As mentioned earlier, Oregon didn’t go as far as Australia, and about ten other democracies in the world that legally require citizens to vote.  Does compulsory voting sound excessive? Perhaps. But In Australia you wouldn’t have a situation, like in the 2014 U.S. mid term elections, where about 18 to 25 percent of the adult citizenry (depending how you calculate it), gave Republicans control of the U.S. Senate and two additional governorships.

Rarely have any of our President’s, D’s or R’s, been elected by more than 30 to 35 percent of voting eligible citizens.  Even if a candidate garners 60% of the vote, with barely 60% turnout, just 35% of the electorate has made the decision — and that’s in a “landslide” and in a high turnout year.

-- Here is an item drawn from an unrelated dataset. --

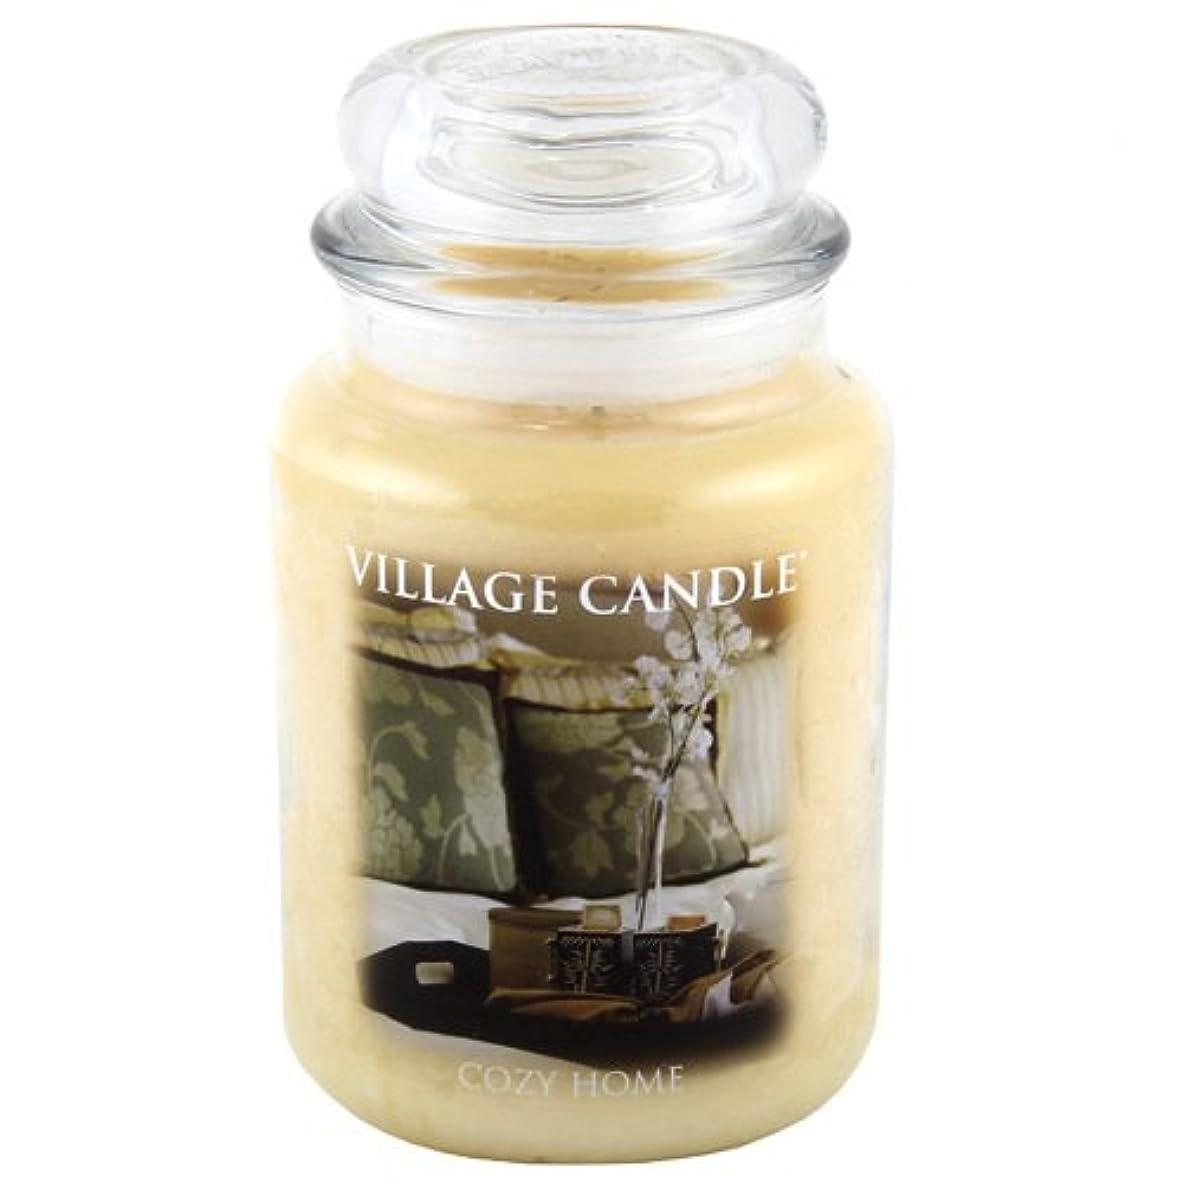 驚いたことにマニアチョップVillage Candle Large Fragranced Candle Jar - 17cm x 10cm - 26oz (1219g)- Cozy Home - upto 170 hours burn time...

Don’t look for legislatures and governors in any fiery red states, or for that matter, Wisconsin or Ohio, to jump on the Oregon band wagon. But, in theory, people in some states can push for something like the new Oregon automatic registration law through ballot measures.

Can that work?  Perhaps, in a few places, and with a lot of effort and money. But reformists will encounter opposition lawyers who say the U.S. Constitution empowers only state “legislative bodies” to change electoral laws; that “the people” acting through initiatives or referenda are not legislative bodies, and thus can’t change electoral systems on their own.

That’s precisely the argument in a case out of Arizona, recently heard by the U.S. Supreme Court. It involves a voter approved ballot measure which empowered an “independent commission,” rather than sitting legislators, to draw state legislative and congressional district boundary lines. It’s a highly worthy effort to prevent politicians from perpetuating their power.  (I expect the Supreme Court to over turn it).

The outcome of that case may have enormous implications for representative government in the U.S., not only for re-districting.  It can also determine whether automatic voter registration has any chance at all to spread beyond the Pacific Northwest in the foreseeable future.

U.S. voter participation has always been tepid.  For most of the nation’s history,  the Constitution and state laws denied the vote to women, blacks, and citizens under 21. Even white males who didn’t own property couldn’t legally vote in all U.S. states till 1856.  Even as legal barriers to voting were stripped away by amendments to the U.S and state Constitutions, and by Acts of Congress, voter participation rates in the U.S. have lagged behind, and still trail, those in nearly all other advanced (genuinely) democratic polities.

In the halcyon, “Leave it to Beaver,” days of the 1950s and early 60s, most political scientists thought low voter turnout in the U.S. was a good thing — that it signified Americans’ satisfaction with their economic conditions, government, and direction of the country. All was well; there were no rascals to throw out. There may have been some (minimal and perfunctory) truth to that in the 1950s.

14 thoughts on “Automatic Voter Registration: Is Oregon’s New Law a Game Changer?

  1. alex maclachlan

    I think low voter turn out is more an illustration of apathy. Not that people don’t care, more they think their opinion is not wanted or heard and possess no power to change the course special interests have carved out for themselves.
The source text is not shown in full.